‘The scale is incredible’ — Against Kinnettles Turbines group claims ‘overwhelming local solidarity’ against plan
Wind turbines proposed for farmland near Forfar would be twice the height of the town’s East and Old Parish Church.
Campaigners opposing the siting of the turbines at Kinnettles are keen to make people realise the scale of the turbines.
Linda Smith, a leading member of Against Kinnettles Turbines (AKT), said the turbines would be almost twice the height of the recently demolished multis in Dundee’s Hilltown. Members have issued a graphic (below) that they claim shows the scale of the proposed turbines in relation to the East and Old Church.
She said: “The multis were 64 metres high and the Kinnettles turbines are going to be 125.5 metres tall. In fact, these turbines at 125.5 metres high would be much taller than the 100-metre hill on which it is proposed they should stand.”
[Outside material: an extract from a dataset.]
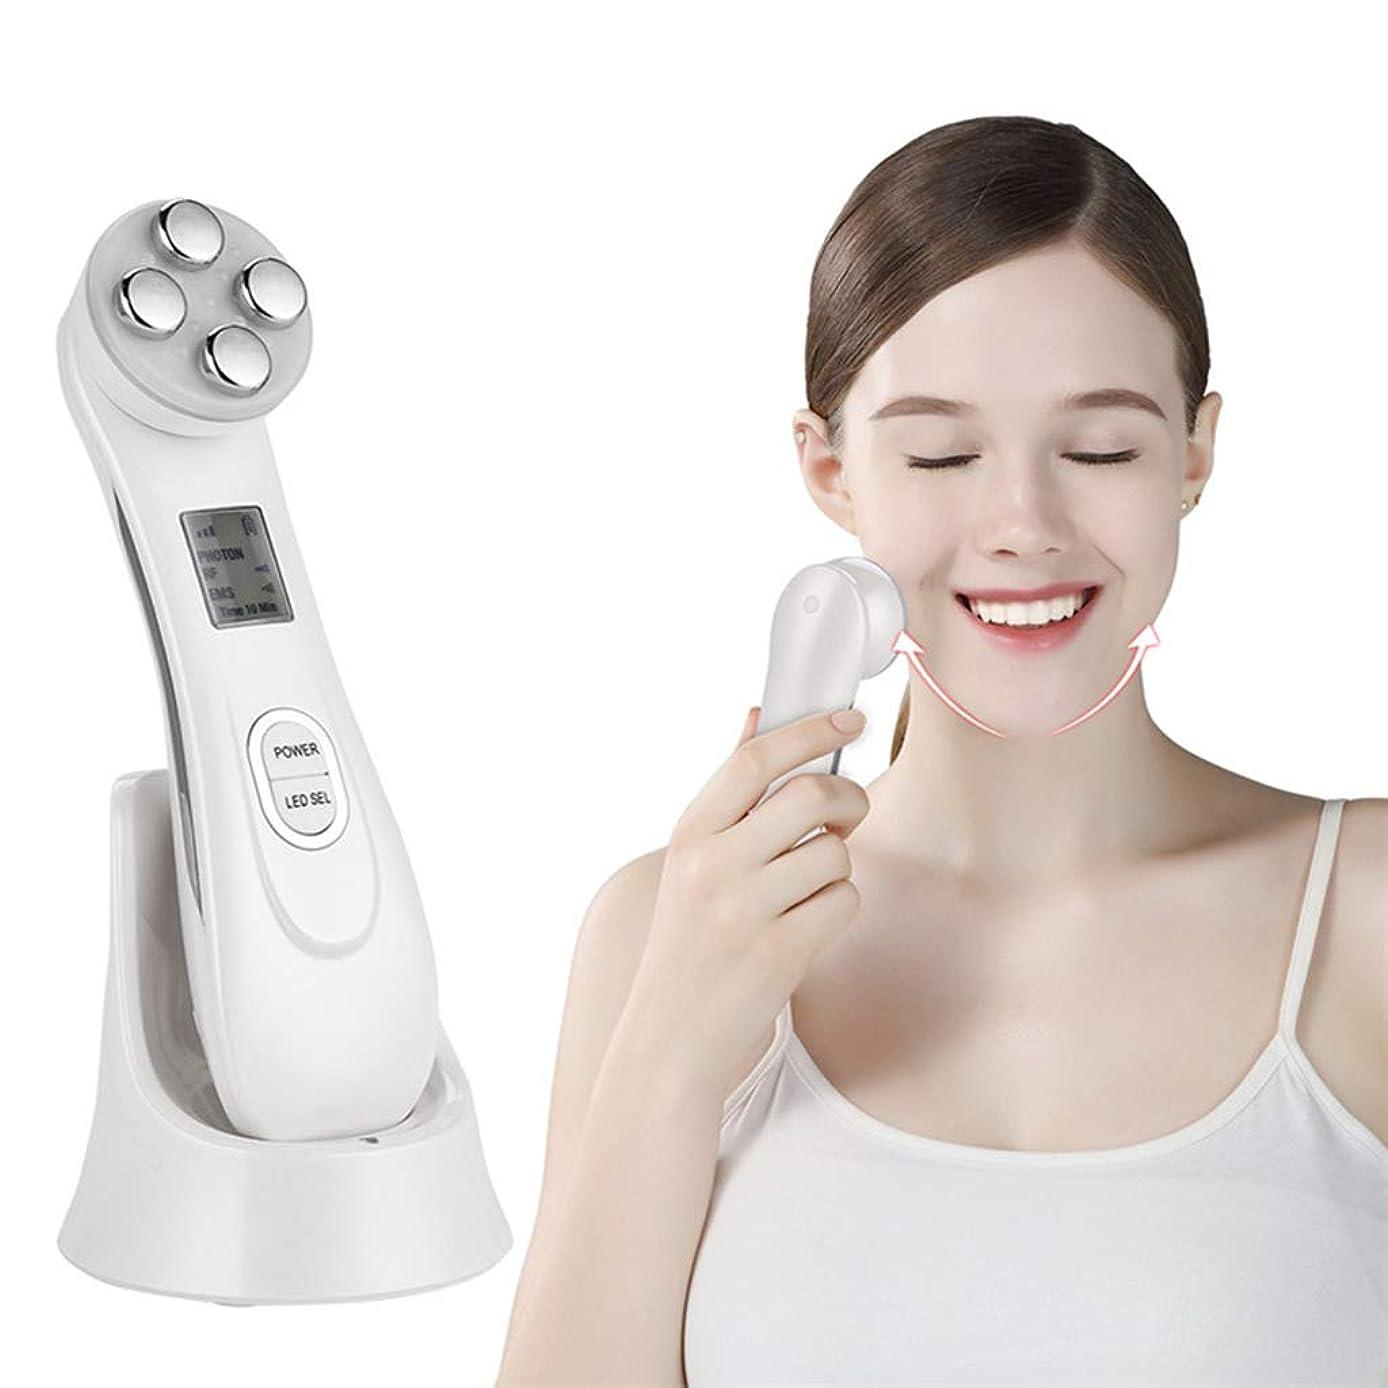 スリッパ検索エンジンマーケティングシダしわ除去機5 in 1Facial Skin Tightening Beauty Deviceは、しわの年齢や紫外線によって損傷した皮膚の外観を改善します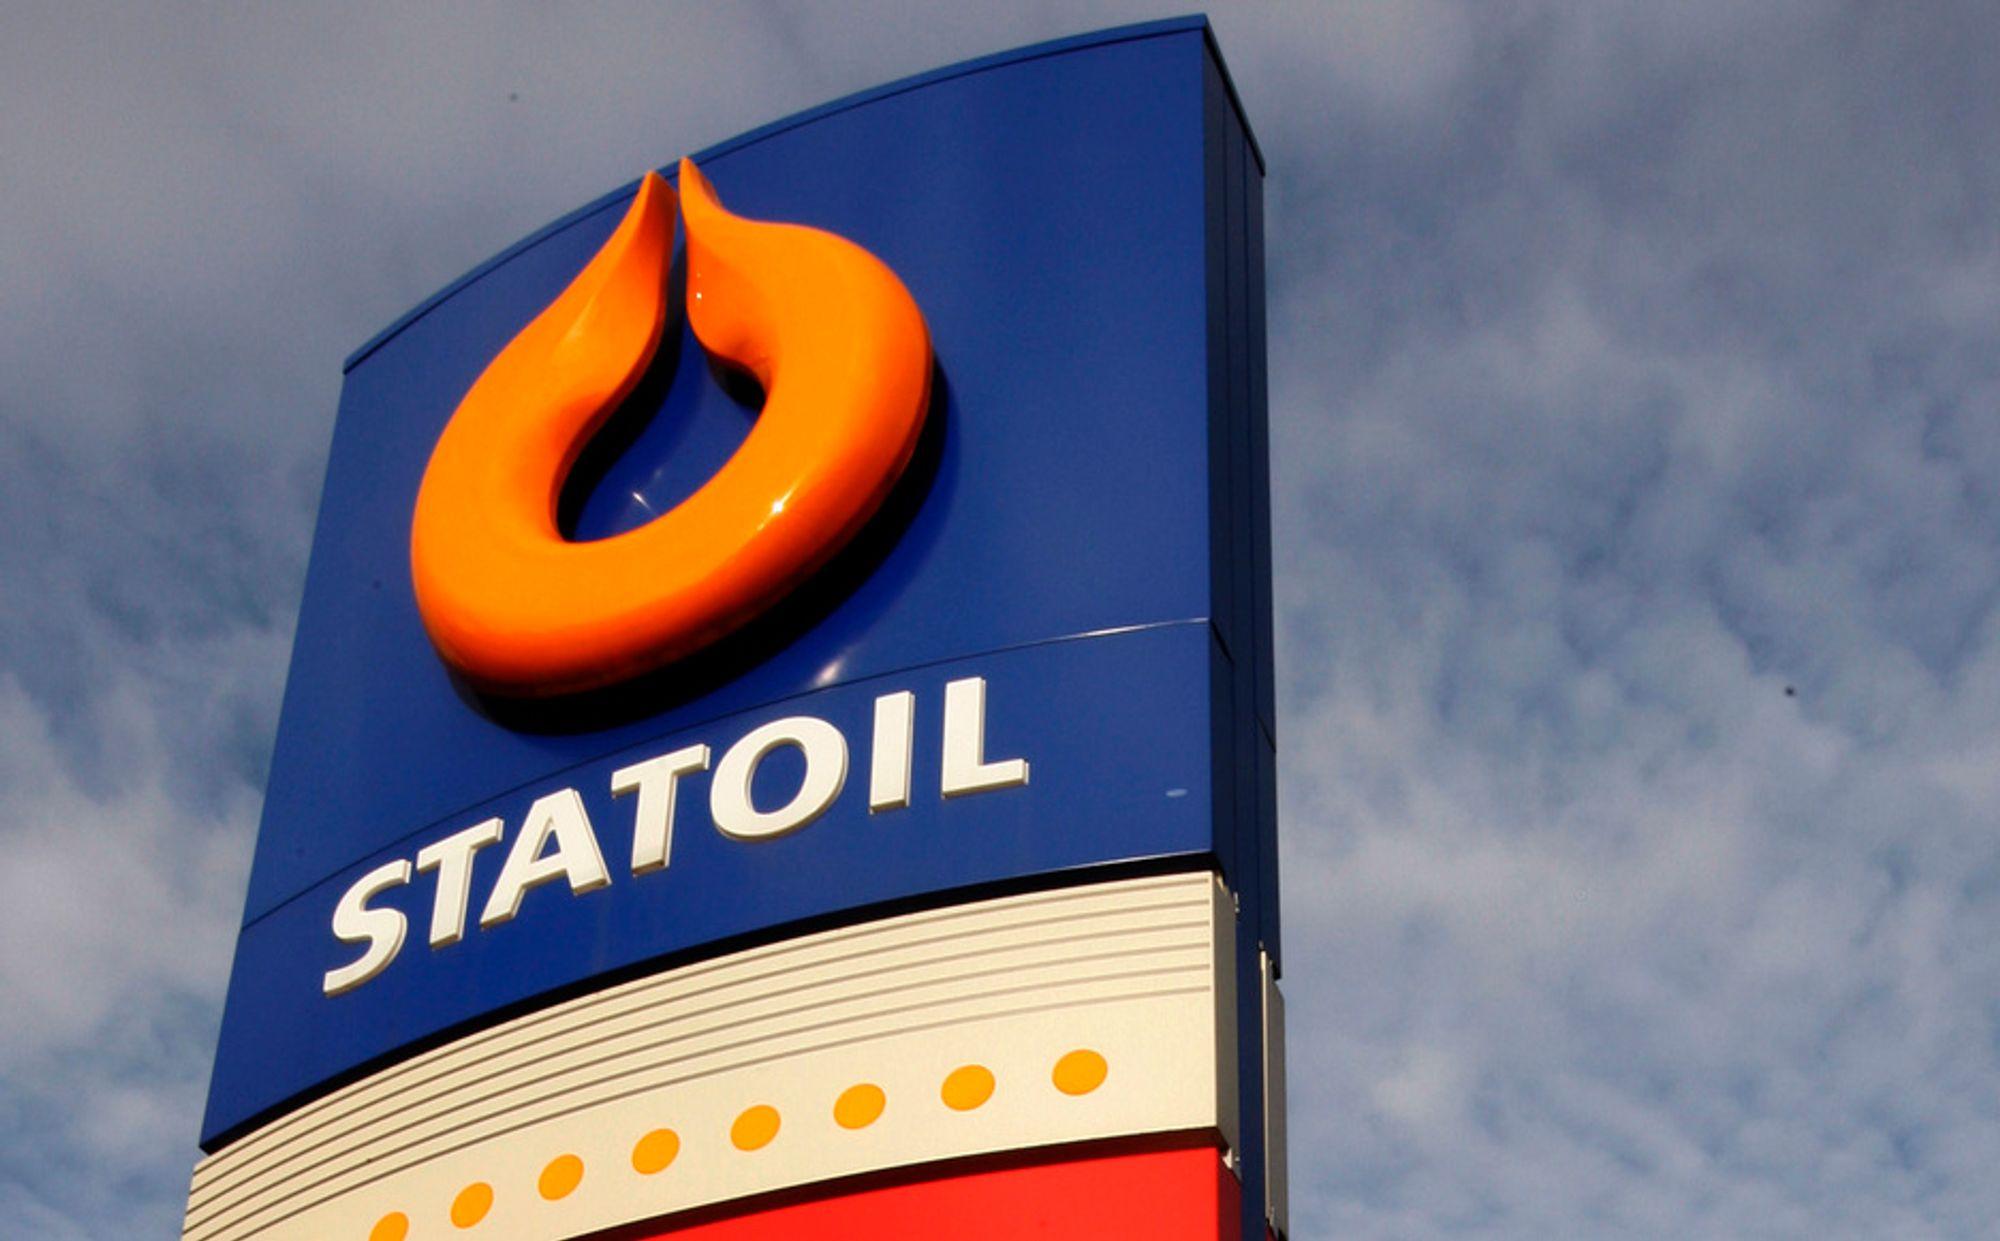 ENDRER NAVN: Statoil er tilbake - nå som energiselskap. Styret i selskapet foreslår at generalforsamlingen sier ja til navnet Statoil den 19. mai.

AKT has signed up more than 450 people to its petition opposing the turbines during the last three weeks. AKT says that is “impressive” as the petition was organised at a time when many families have been on holiday.
It claims there is “overwhelming local solidarity” against siting the turbines near homes.
The group has received the backing of Glamis Community Council after Kinnettles residents gave a presentation to the community council last week. Mrs Smith addressed the meeting of the community council on the proximity of homes to the turbines, landscape considerations and safety concerns.
She said: “It was a unanimous decision they would back our opposition to this.”
Plans for an anemometer on the site to measure wind speed and gather technical information were submitted to Angus Council late last week. The application will be considered by councillors at a later date.
Mrs Smith said: “We will be opposing even this anemometer going up. All local people who are against it are going to write in individually to Angus Council and we will also make a combined submission from the local community opposing the erection of the anemometer.”
Mrs Smith stressed that the campaign group does not oppose turbines in principle and supports renewable energy. But the group is against the Kinnettles plans for a number of reasons, in particular the proximity to houses.
“We just think these turbines would be too close to houses,” she said. “There are four dwellings within 500m of the projected wind turbines, 17 dwellings within 700m and around 125 dwellings within a two-kilometre radius.”
She said the road that leads to the windfarm site is known as Whirlies Road. The single-track Leckaway to Kinnettles road leads to her family home.
“Our cottage is within 500m of one of the proposed turbines. I don’t think any wind turbines should be built within two kilometres of a dwelling. The proposed turbines are just far too close to dwellings and the scale is incredible – taller than the Michelin ones in Dundee and twice as high as the multis that were knocked down.
“They will be visible from the A90 and they are going to distract drivers on the dual carriageway. As well as the A90, they will be clearly seen from the Glamis/Forfar road.”
Mrs Smith said there was also concern over possible noise from the turbines, shadow flicker and other effects that could be detrimental to public health.
A statement issued by AKT claimed that many residents were “justifiably worried” about effects on the value of their properties and the ability to sell these.
They said: “The group stated that opinions gathered from estate agents supported these concerns. At a time of economic recession, the mere publicising of this windfarm proposal has made it difficult for some families living close to the site to sell their houses and in that way has started to blight their lives.”
It added: “AKT point out that this proposed project is a commercial enterprise, expected to produce profits running into many millions of pounds over a period of at least 25 years. However, this profit would come at the cost of disfiguring the landscape and reducing other people’s property values, many of whom have worked hard to purchase property so they could live in this picturesque, quiet part of Angus.
“The turbines being proposed so close to houses is also insensitive to residents’ basic human right to enjoy the peace of their home.”